In this case, I want to praise the University of California Press for publishing the impressive work of author Christina Gerhardt and her collaborators, a beautifully produced atlas that tells the stories of more than 50 islands and archipelagos through maps and geographic data, cultural and political histories and even poetry.

As an atlas, this book does an excellent job of getting you up to speed on the size of each island or island group, the number of people who live there, the languages they speak and a brief history.

Take the Republic of Nauru, an island of just eight square miles and also the world’s smallest independent island nation. According to Gerhardt, the island once boasted the world’s highest GDP thanks to its rich supply of phosphate (in the form of bird guano).
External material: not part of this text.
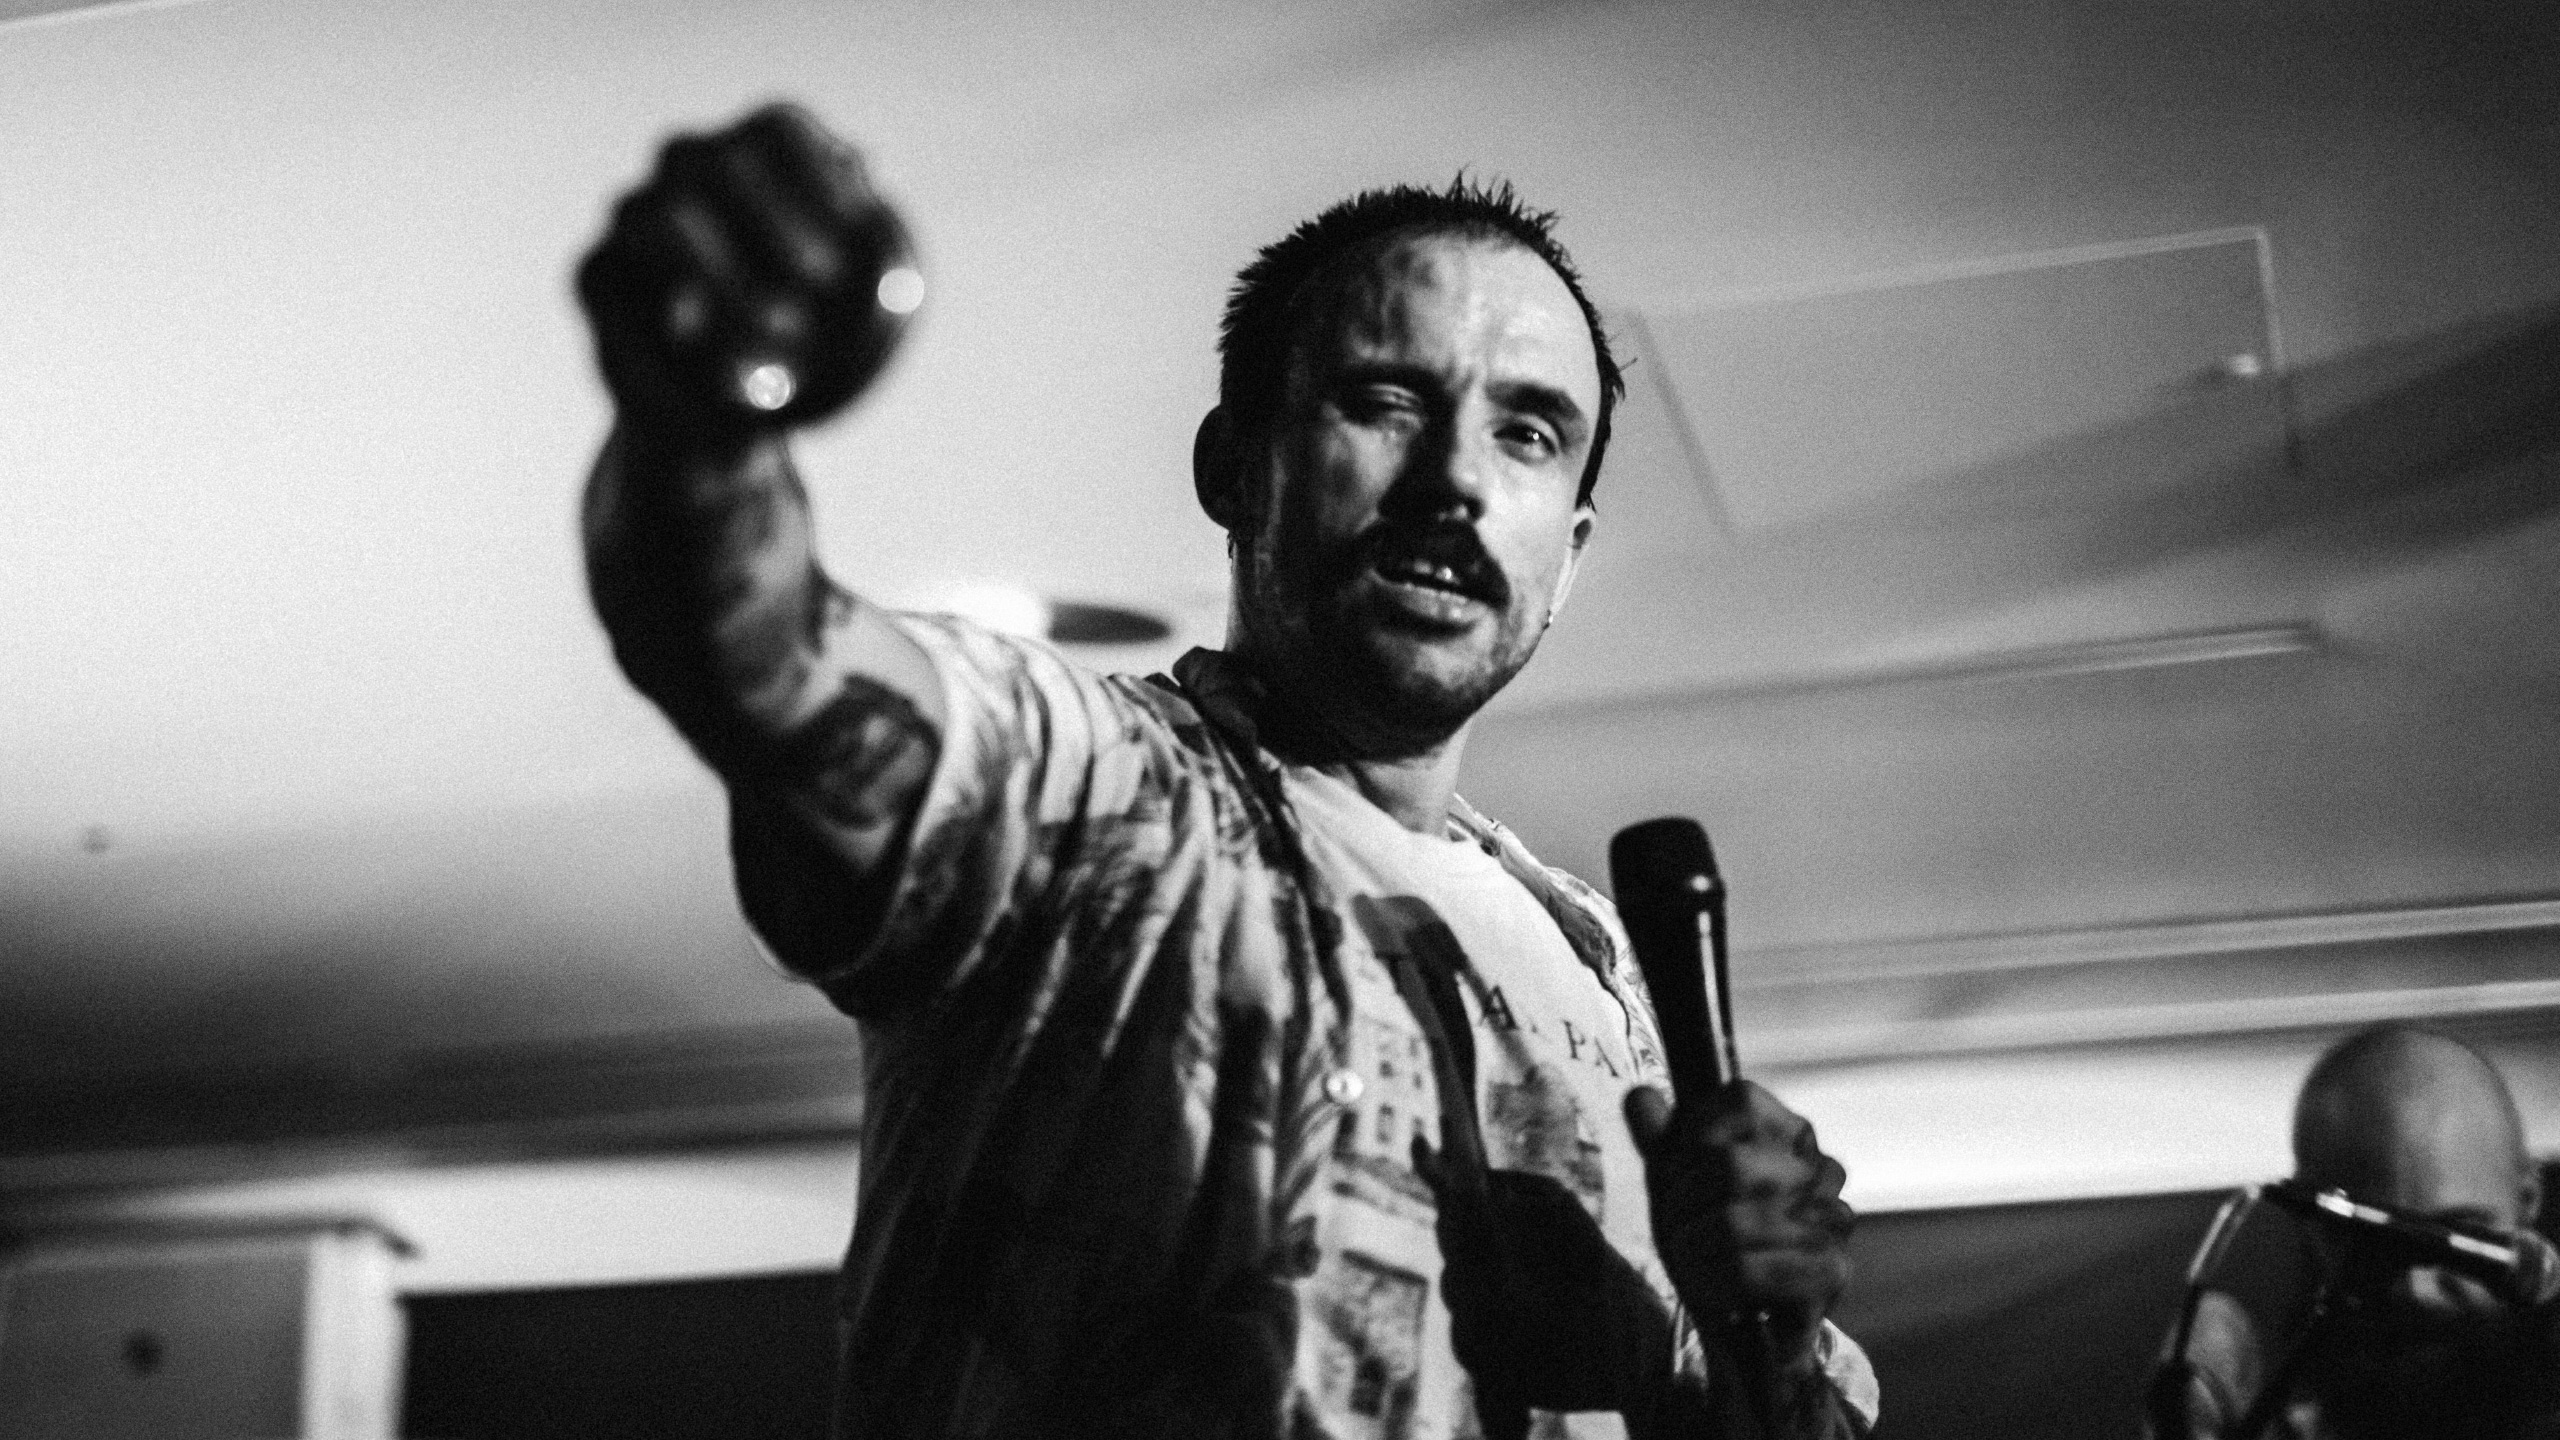 Idles frontman Joe Talbot punching his fist on stage at PRS for Music Presents

But as phosphate supplies have dwindled so has industry and jobs, forcing the country to pivot towards incarceration — housing asylum seekers on behalf of Australia, a tragic state of affairs for an island once rich with rainforests, now struggling with high unemployment and rising waters. As the former president of Nauru, Marcus Stephens writes in a brief essay, “You’ve probably never heard of my country, and for that, I forgive you … but you will not forgive yourselves if you ignore our story.”

This book is an ode to islands large and small, north and south, and the many peoples who call them home. It is a book of science and stories and, yes, even hope amidst the rising waters.

Such as then you read about the Maldives — an archipelago of 200 inhabited islands that may be underwater by century’s end. And yet the country is geoengineering a higher-elevation island called Hulhumalé, funded by tourism dollars, to give their people a place to escape to without retreating to the mainland.

Finally, it’s worth underscoring how educational this book is, not just historically and culturally but environmentally. The visual below illustrates how critical oyster reefs are towards protecting shorelines (from the section on Deal Island in the Chesapeake Bay)

Some atlases grace coffee tables and are rarely opened. But I suspect this book would not gather dust and that’s a good thing as it deserves a wide audience. I guarantee anyone who reads it will come away with a better understanding of the world’s many islands and a desire to do something about protecting them.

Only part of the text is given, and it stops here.